Wednesday, October 16, 2013

Season 3, episode 6: The Parking Garage

“There’s elevators all over. Everything looks the same! We’re like rats in some experiment!” - George



The 3rd season has gotten off to a great start with classic after classic and the trend continues with The Parking Garage. This was the second straight episode of the production order to take place entirely outside Jerry’s apartment (although they didn’t air back-to-back). That was done so they wouldn’t have to take down and put back the set for Jerry’s apartment twice.

Similar to The Chinese Restaurant from season 2, The Parking Garage takes place on a single set, though not in real time, and is essentially the same in structure: a loose plot which follows our characters as they encounter other people within the setting, almost vignette style. In order for there to be some sort of motivation to find the car, Elaine has Goldfish which can only survive in their plastic bag for so long, and George needs to meet his parents for their anniversary. Jerry has to go to the bathroom, and Kramer is carrying a heavy air conditioner (and he really was per Michael’s method acting policy).

I won’t bother recapping every encounter but I’ll go over the best ones (completely out of sequence). The first is George coming across a convertible parked across 3 spaces and wanting to spit on it. Jerry dares him to do it and he’s about to when the alarm disengagement goes off and the owner gets in the car.

“Jerry, are you aware that adult diapers are a $600 million dollar a year industry?” That’s just one of the things Kramer tells Jerry to goad him into urinating behind a car. Jerry does, gets caught and leads to the great uromysotisis explanation: “Why would I do it unless I was in mortal danger?

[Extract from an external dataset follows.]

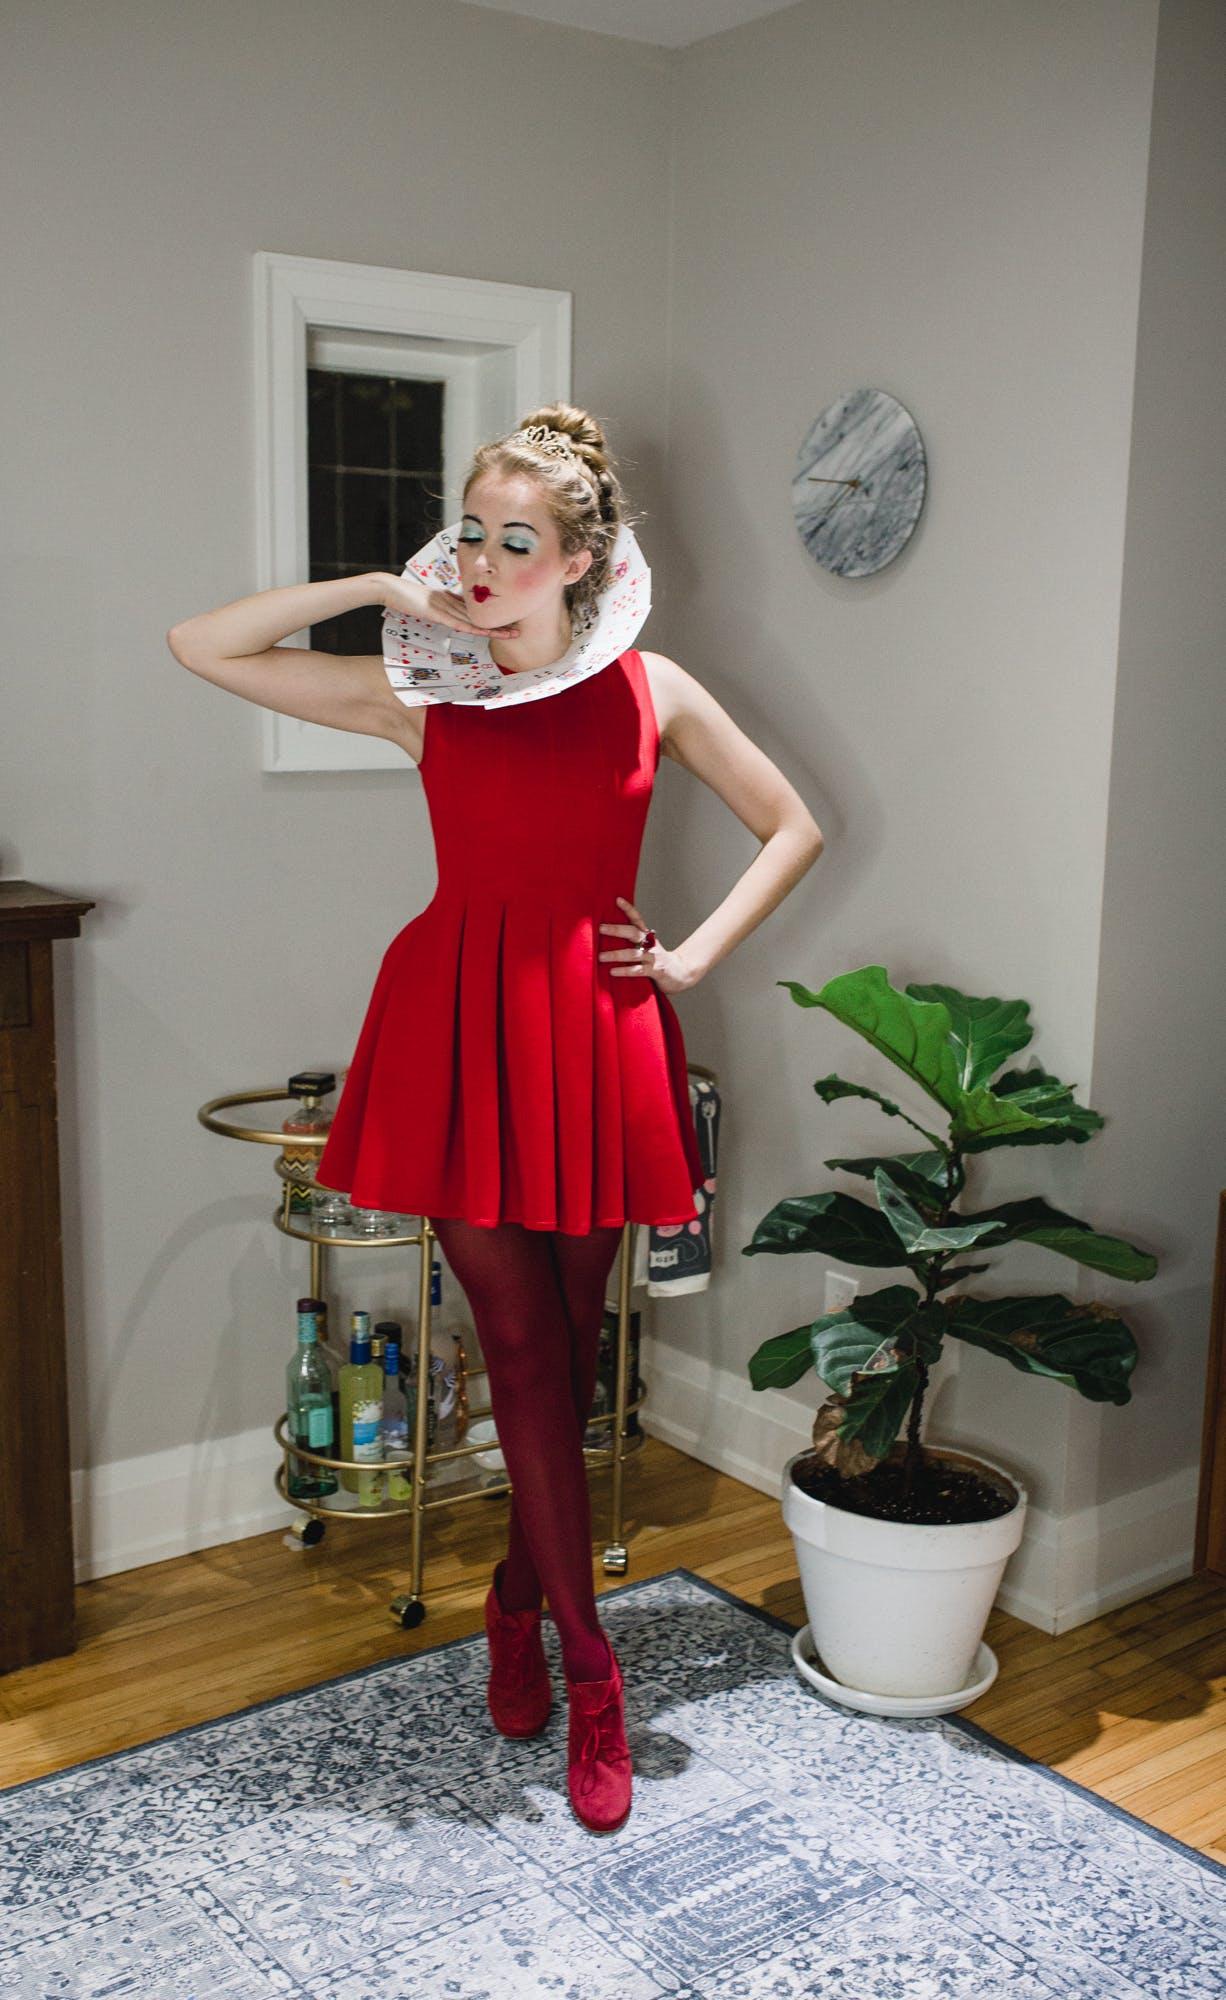 DIY Queen of Hearts Costume - easy, cheap Halloween costume idea

I know it’s against the law. Because I could get uromysotisis poisoning and die, that’s why. You think I enjoy living like this? The shame; the humiliation.”

I also really enjoyed Elaine’s repeated attempts to ask other people for help and being rejected every time. It deals with the selfishness of humanity in a completely honest way. Everyone she talks to could help her, but they don’t. Why? Because they don’t feel like it. There’s no reason for it. They just don’t. And that’s how the world is. People could help strangers, but they never do.

As much as I love this episode – its position in my top 10 is almost assured – the best material was left out, and it may be nitpicking, but it kind of bothers me.

At the very end when Kramer returns with the air conditioner, he slams it in the trunk of the car and cuts his lip. Jerry and Julia start laughing and turn away from the camera. Michael never breaks character and says, “I really hurt myself, Elaine.” All of that was taken out of the final cut. After Kramer slams the air conditioner in the trunk it cuts to Kramer asking about Elaine’s fish, from a different take.

Then, after they get in the car and it doesn’t start, you can only see Jason start to laugh for a split second before cutting to a long shot of the lone car in the parking lot, leaving out a sequence where Michael tries to start the car a second time, fails, gets out of the car, leans on the door, looks off into the horizon and gets back in the car.

It’s a fine ending as they left it, but 20 extra seconds on those two things could have lifted it even further in the pantheon of great Seinfeld endings.